ECB Holds Interest Rates Steady
Citing Middle East Uncertainty
On March 19, 2026, the European Central Bank (ECB) Governing Council announced its decision to keep its three key interest rates unchanged, underscoring its determination to stabilize inflation at its 2% target in the medium term. The policy decision comes at a time when the war in the Middle East has significantly increased economic uncertainty, creating upside risks for inflation while posing downside risks to economic growth.
Key Interest Rates and Monetary Tools
The ECB’s benchmark rates will remain steady:
Deposit facility: 2.00%
Main refinancing operations: 2.15%
Marginal lending facility: 2.40%
Additionally, the ECB’s Asset Purchase Programme (APP) and Pandemic Emergency Purchase Programme (PEPP) portfolios are declining at a predictable pace, as the Eurosystem no longer reinvests principal payments from maturing securities. The ECB also noted that its Transmission Protection Instrument remains available to counter any unwarranted, disorderly market dynamics that could threaten the smooth transmission of monetary policy across the euro area.
Revised Economic Projections
The latest ECB staff projections exceptionally included data up to March 11, resulting in notable revisions compared to the December forecasts. The ongoing conflict in the Middle East and its impact on energy prices heavily influenced these updates.
Inflation Outlook: Headline inflation has been revised upward, particularly for 2026, due to higher energy costs. It is now projected to average 2.6% in 2026, drop to 2.0% in 2027, and tick up to 2.1% in 2028. Core inflation (excluding energy and food) is expected to average 2.3% in 2026, 2.2% in 2027, and 2.1% in 2028.
Growth Outlook: Economic growth forecasts have been revised downward, especially for 2026, reflecting the global toll the war is taking on commodity markets, real incomes, and consumer confidence. Growth is expected to average 0.9% in 2026, recovering to 1.3% in 2027 and 1.4% in 2028. Despite the downgrade, the ECB noted that low unemployment, robust private sector balance sheets, and public spending on defense and infrastructure will continue to support economic growth.
Geopolitical Risks and Alternative Scenarios
Because energy prices heavily dictate consumer prices and the broader economy, the ECB assessed alternative illustrative scenarios regarding the Middle East conflict. The analysis indicates that a prolonged disruption in the supply of oil and gas would result in inflation rising above and growth falling below the current baseline projections. Ultimately, the medium-term economic impact will depend heavily on the conflict’s intensity and duration, as well as the magnitude of “second-round effects” from a persistent energy shock.
A Data-Dependent Future Strategy
Despite the uncertainty, the ECB emphasized that it is well-positioned to navigate the current climate. Longer-term inflation expectations remain well anchored, and the economy has displayed resilience in recent quarters.

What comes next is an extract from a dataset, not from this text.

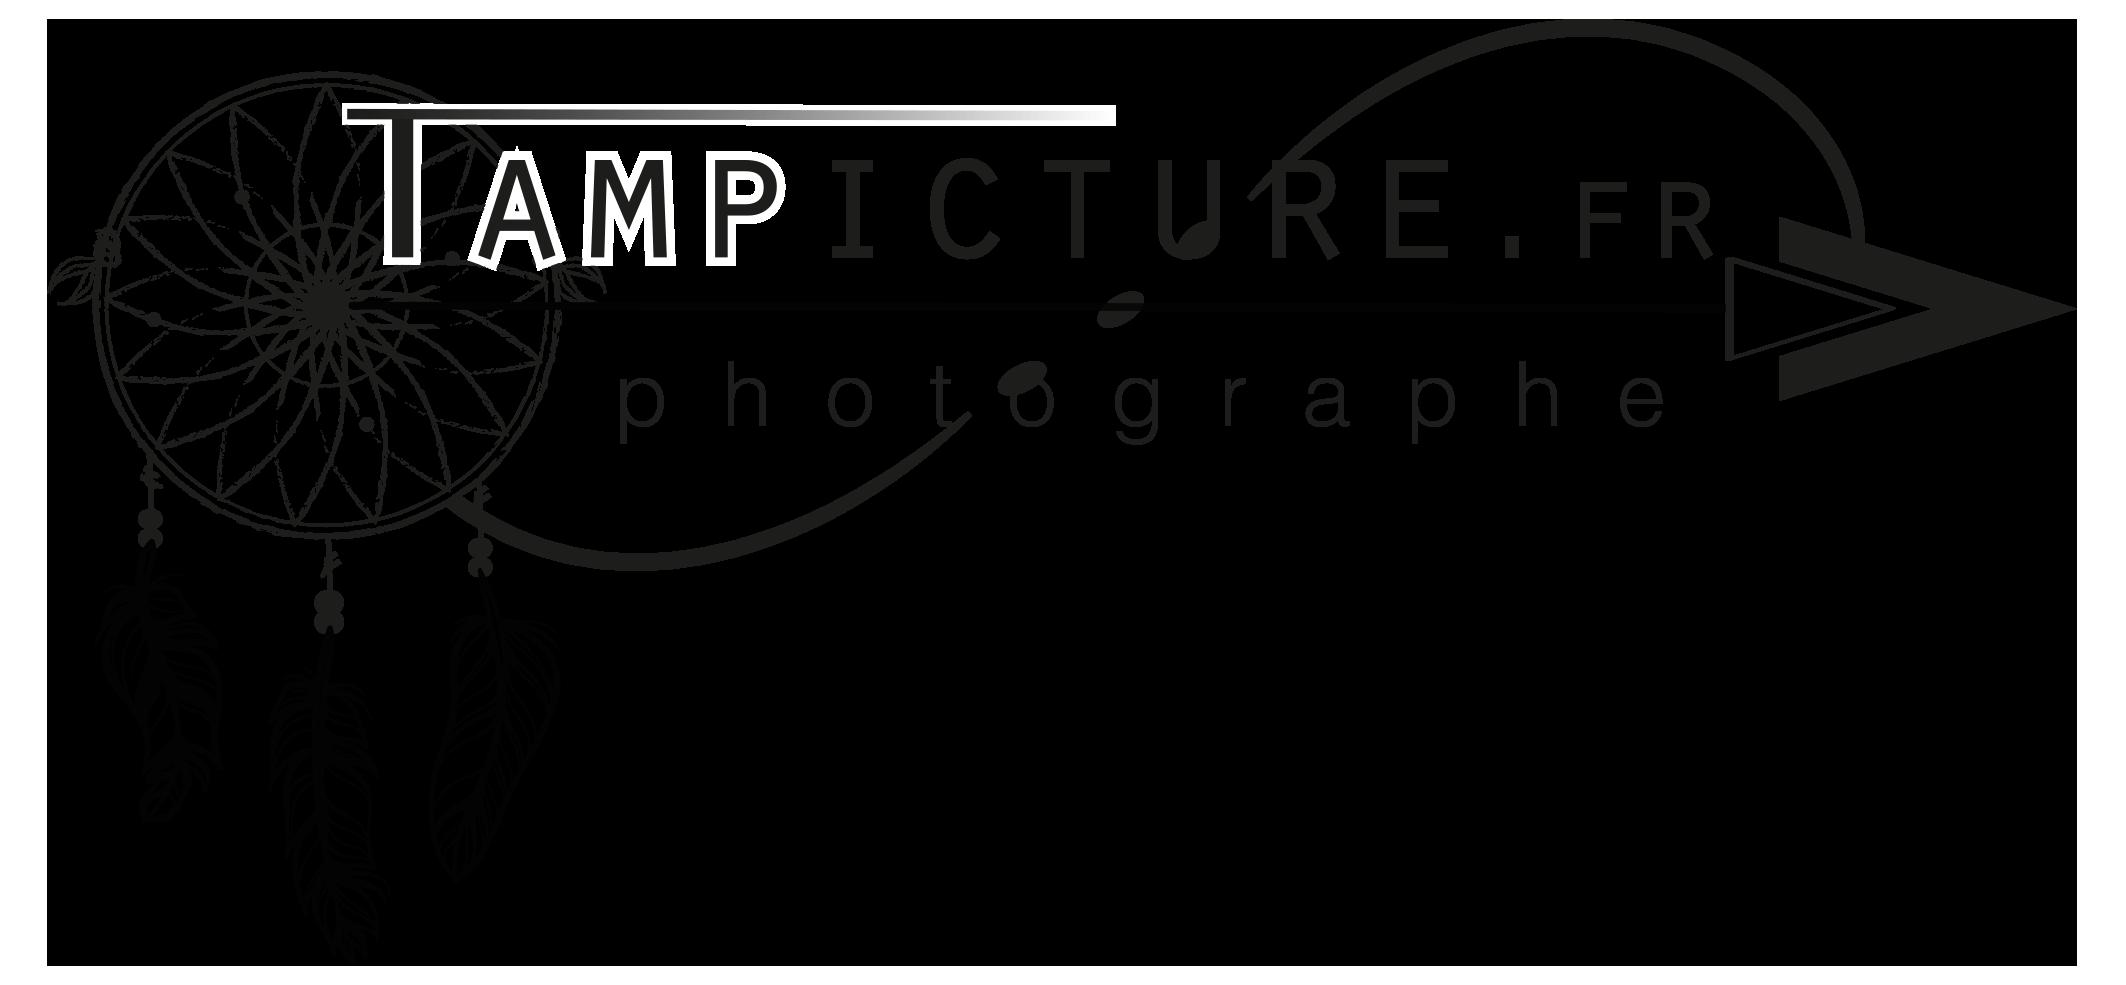 Tampicture

Going forward, the Governing Council announced it will rely on a “data-dependent and meeting-by-meeting approach” to set the appropriate monetary policy. The ECB explicitly stated that it is not pre-committing to a particular rate path. Future interest rate decisions will be guided by incoming economic and financial data, the dynamics of underlying inflation, and the strength of monetary policy transmission.